• Categories
  • Recent
  • Tags
  • Popular
  • Users
  • Search
  • Register
  • Login
Netgate Discussion Forum
  • Categories
  • Recent
  • Tags
  • Popular
  • Users
  • Search
  • Register
  • Login

Hourly WAN packet loss after updating to pfSense+ 23

General pfSense Questions
23.05 upgrade pfsense+ packet loss hourly ntopng
3
14
1.2k
Loading More Posts
  • Oldest to Newest
  • Newest to Oldest
  • Most Votes
Reply
  • Reply as topic
Log in to reply
This topic has been deleted. Only users with topic management privileges can see it.
  • D
    drueter
    last edited by Sep 25, 2023, 9:15 PM

    I had been running pfSense+ 22.05 on my Netgate SG-5100 and everything was fine. Now on 23.05.1 I experience WAN packet loss for about 30-60 seconds nearly every hour at 4 to 7 minutes past the hour.

    Monitor Graph

    You see the packet loss in blue begin ("out of the blue" as they say...sorry...). You see utilization in orange increase due to ntopng running...which began with the update occurred. You see utilization drop back down when ntopng was removed. But packet loss continues.

    Curiously packet loss began some hours (maybe a day or so) after the update and ntopng was installed.

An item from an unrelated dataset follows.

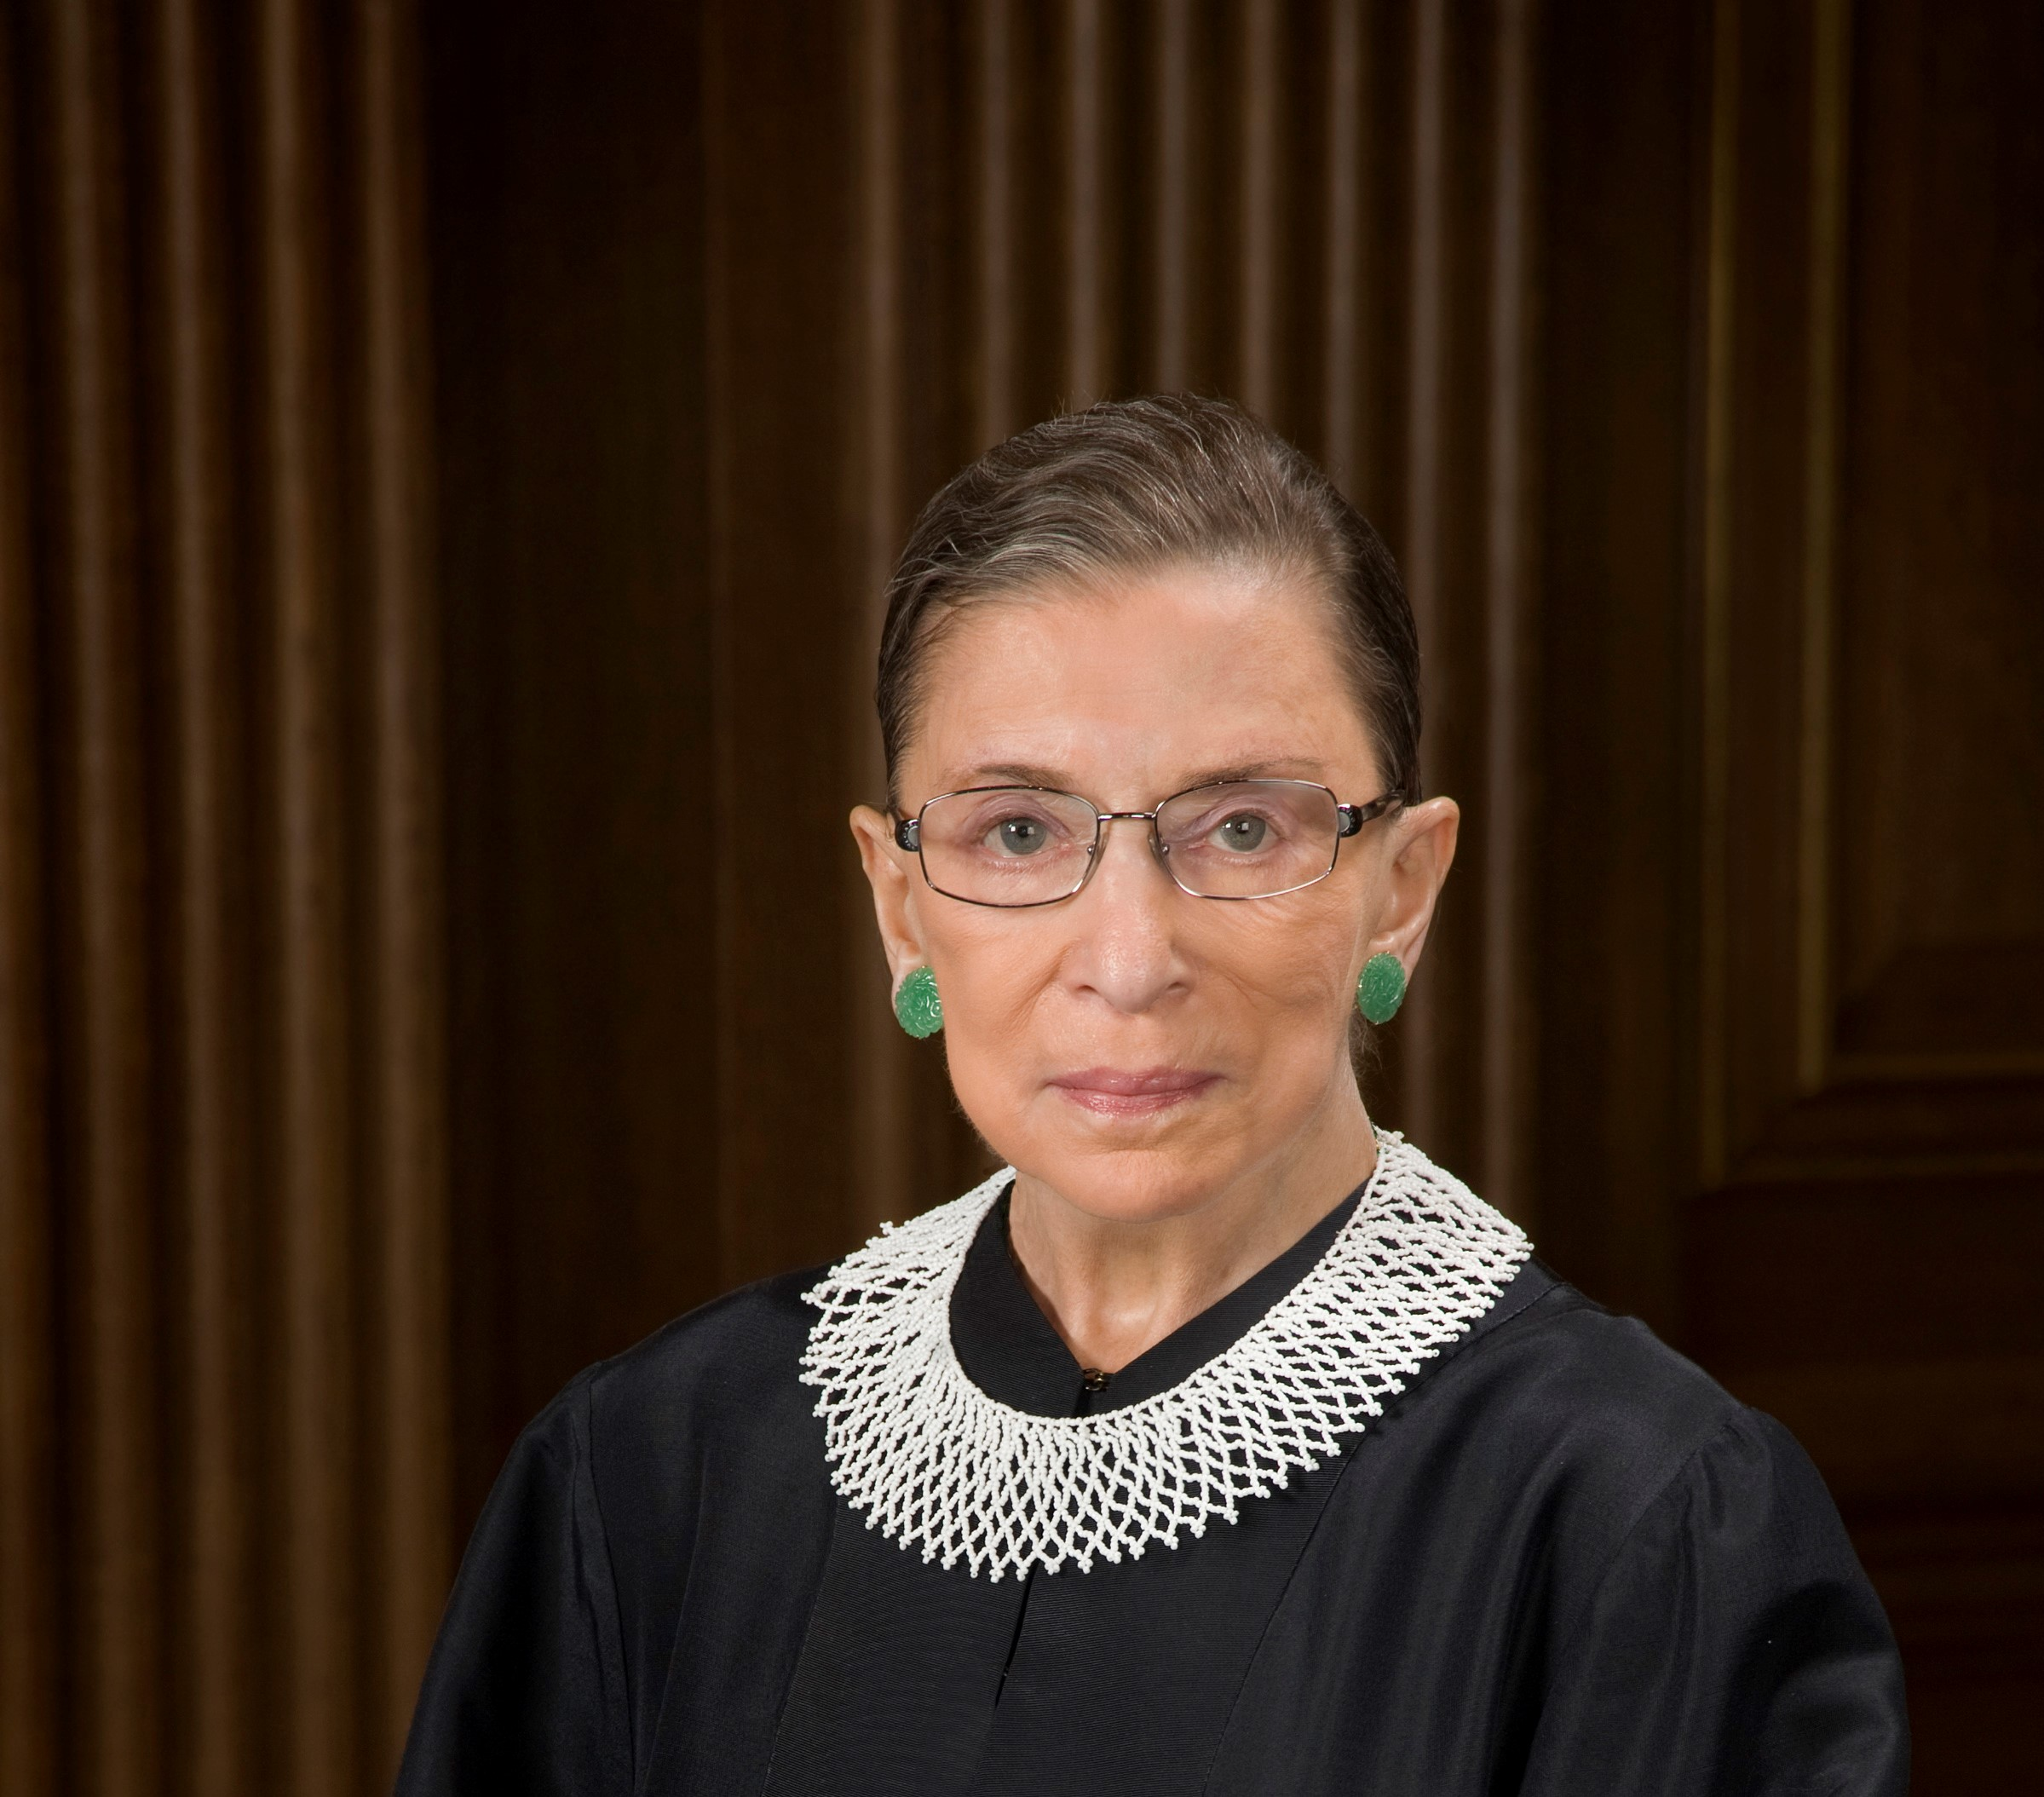 Ruth_Bader_Ginsburg_official_SCOTUS_portraitCROP.jpg

    I was tight on disk space, and wondered if log rotation was a factor. I installed an M.2 SATA drive and re-installed pfSense+ (from an image provided by support), and then restored my config backup. This all worked fine...but the packet loss still continues.

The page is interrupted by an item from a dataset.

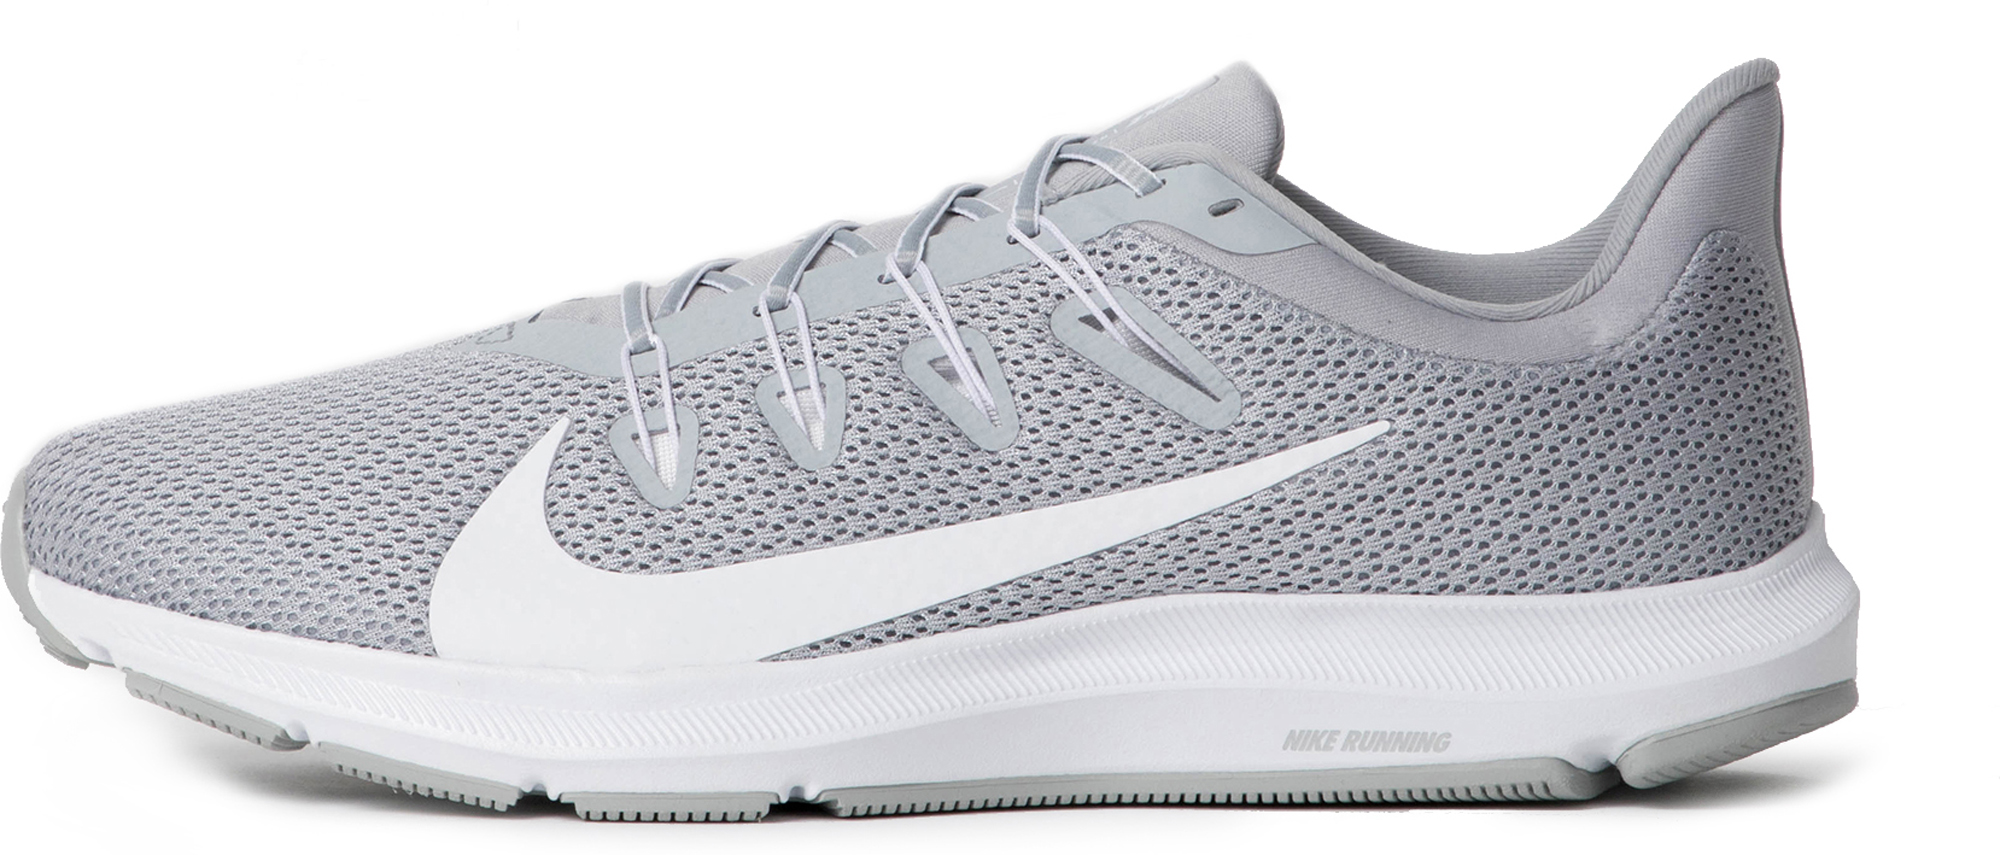 Nike Кроссовки мужские Nike Quest 2, размер 42

    It is possible (but unlikely) that my stable internet connection developed a problem concurrent with the pfSense update. I tend to suspect something going on in my router to cause the problem.

    I adjusted my gateway monitoring thresholds to minimize failing over to the backup WAN since it seems that dpinger and rc.newwanip resets were causing more problems than the brief packet loss itself.

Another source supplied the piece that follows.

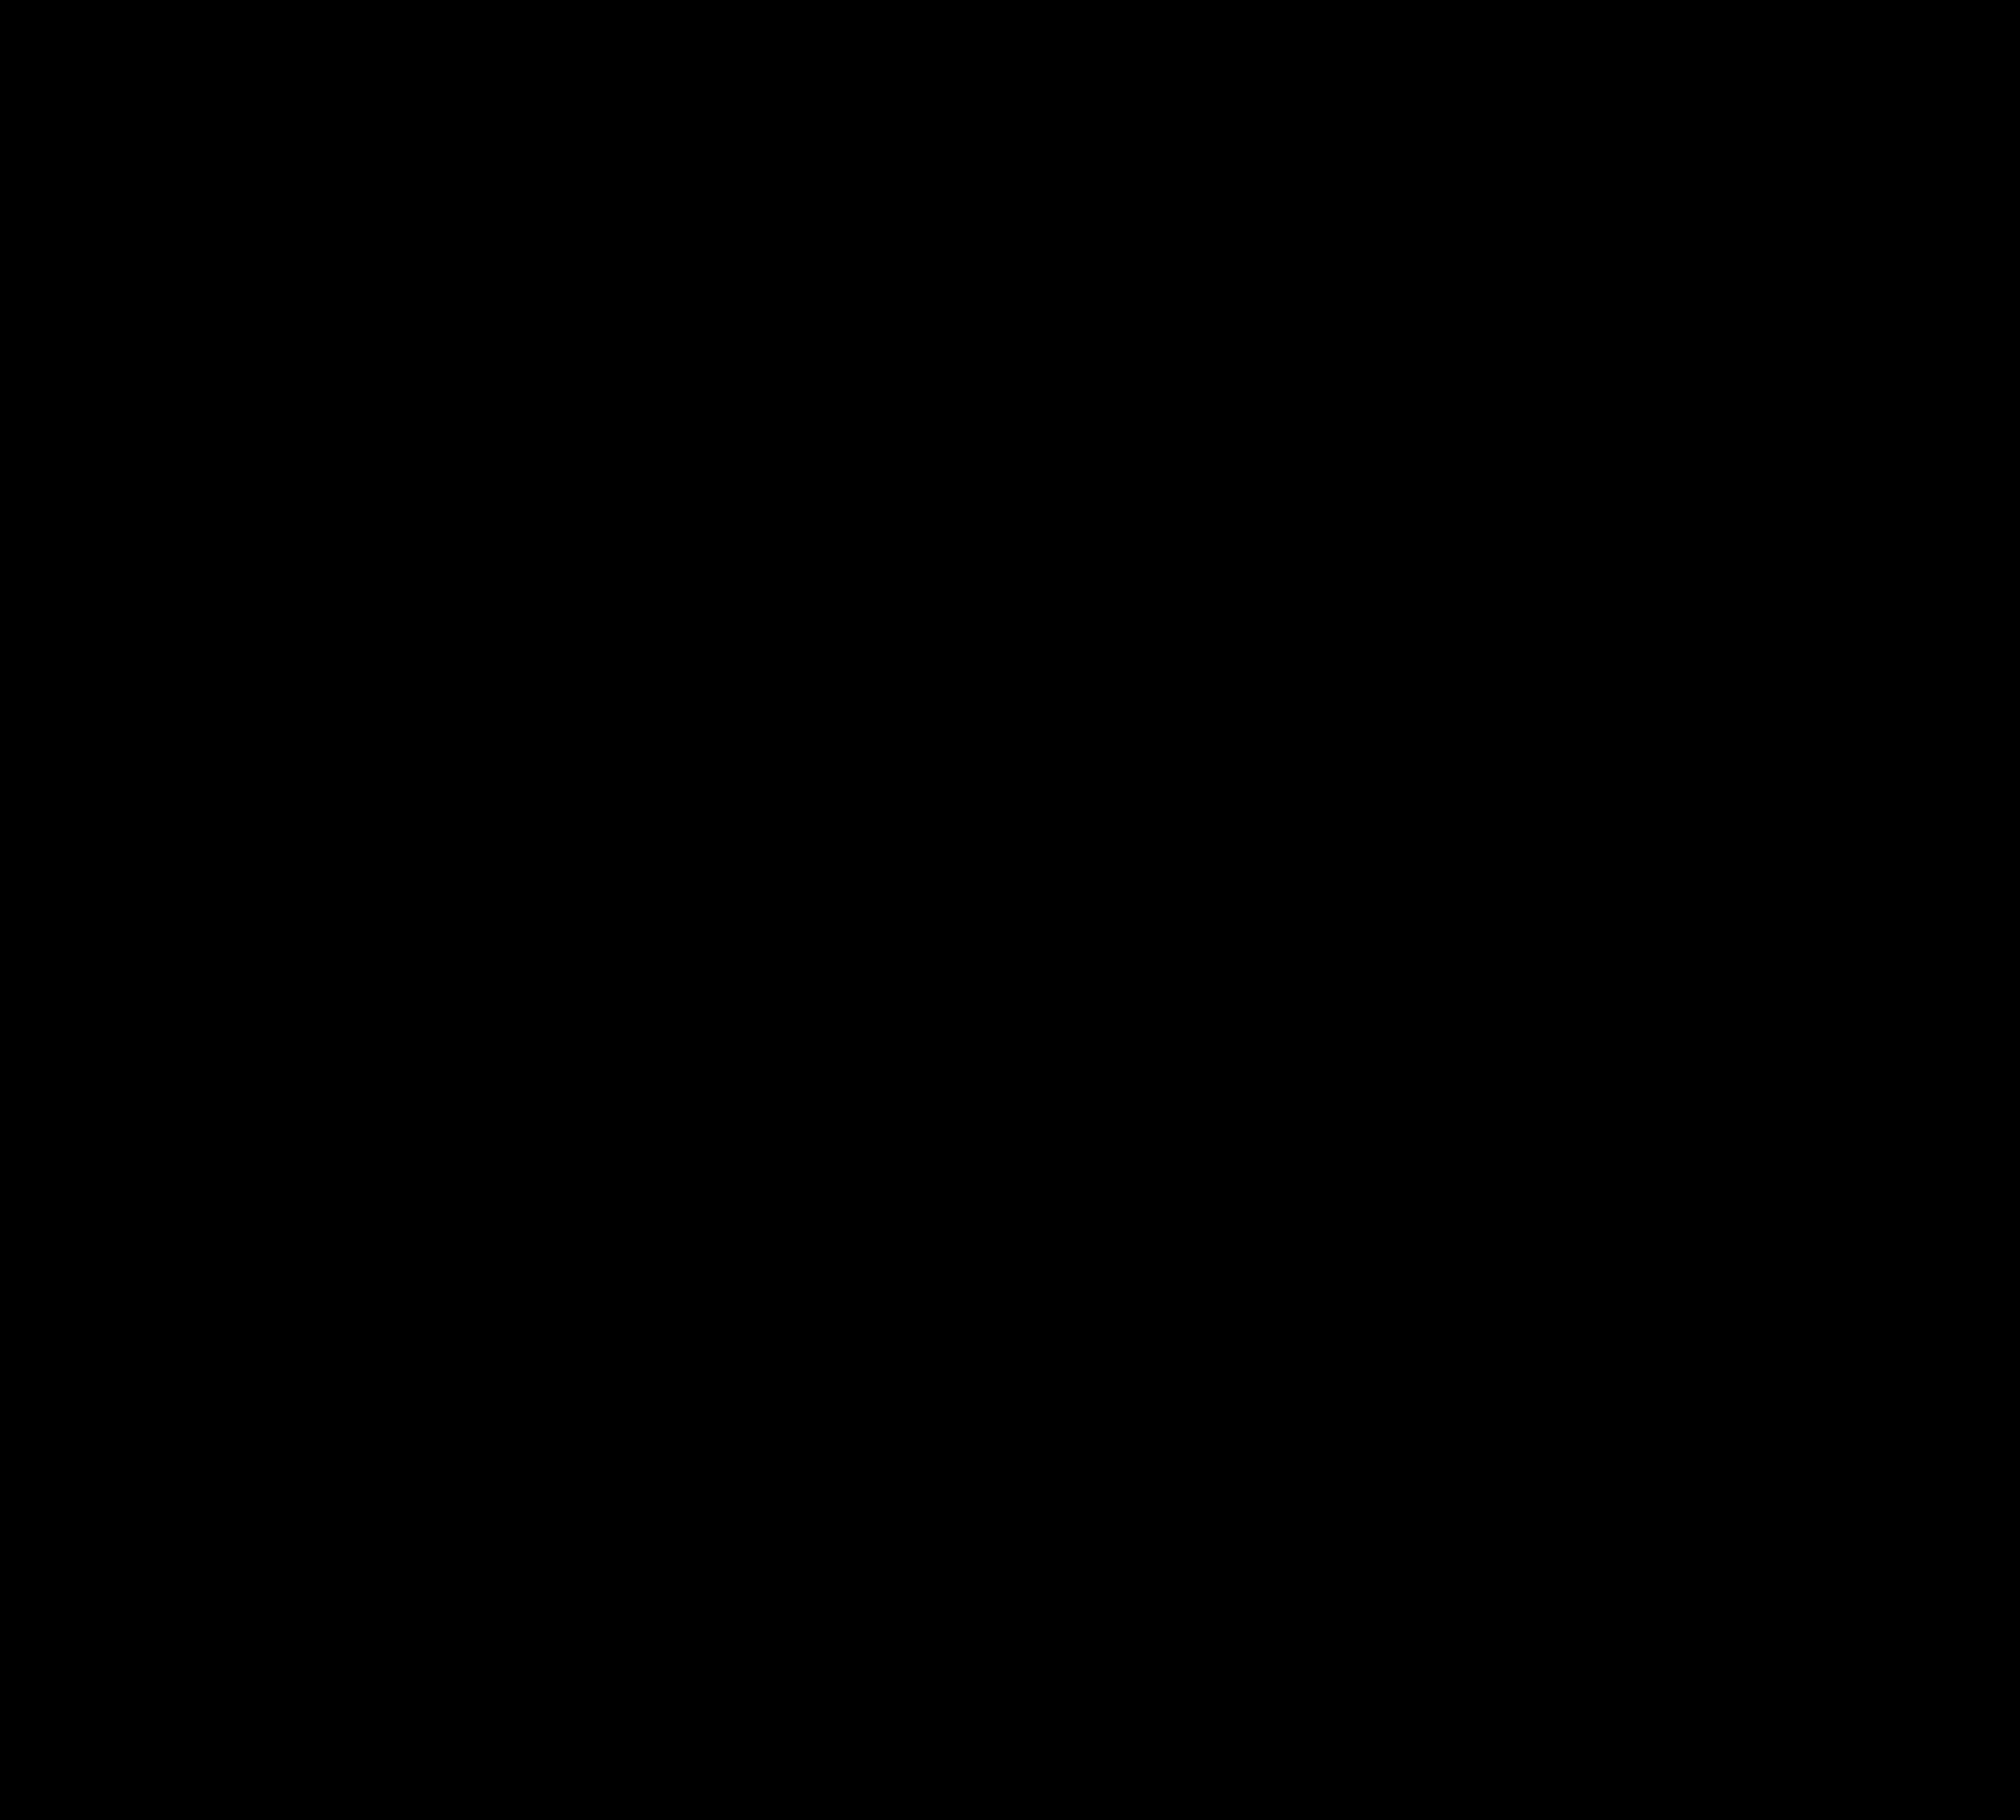 Turkey silhouette clipart cute clip art stock Ambitious small family people clipart - ClipartFox clip art stock

    Here is longer more detailed background:

    I had previously run ntopng, but had not been using that for quite some time.

    A couple weeks ago I wanted to try ntopng. The package was out of date. I encountered errors when I tried to update it. So I decided to update to pfSense+ 23.05.1 I performed this upgrade without a problem, then upgraded the ntopng package, and everything worked fine.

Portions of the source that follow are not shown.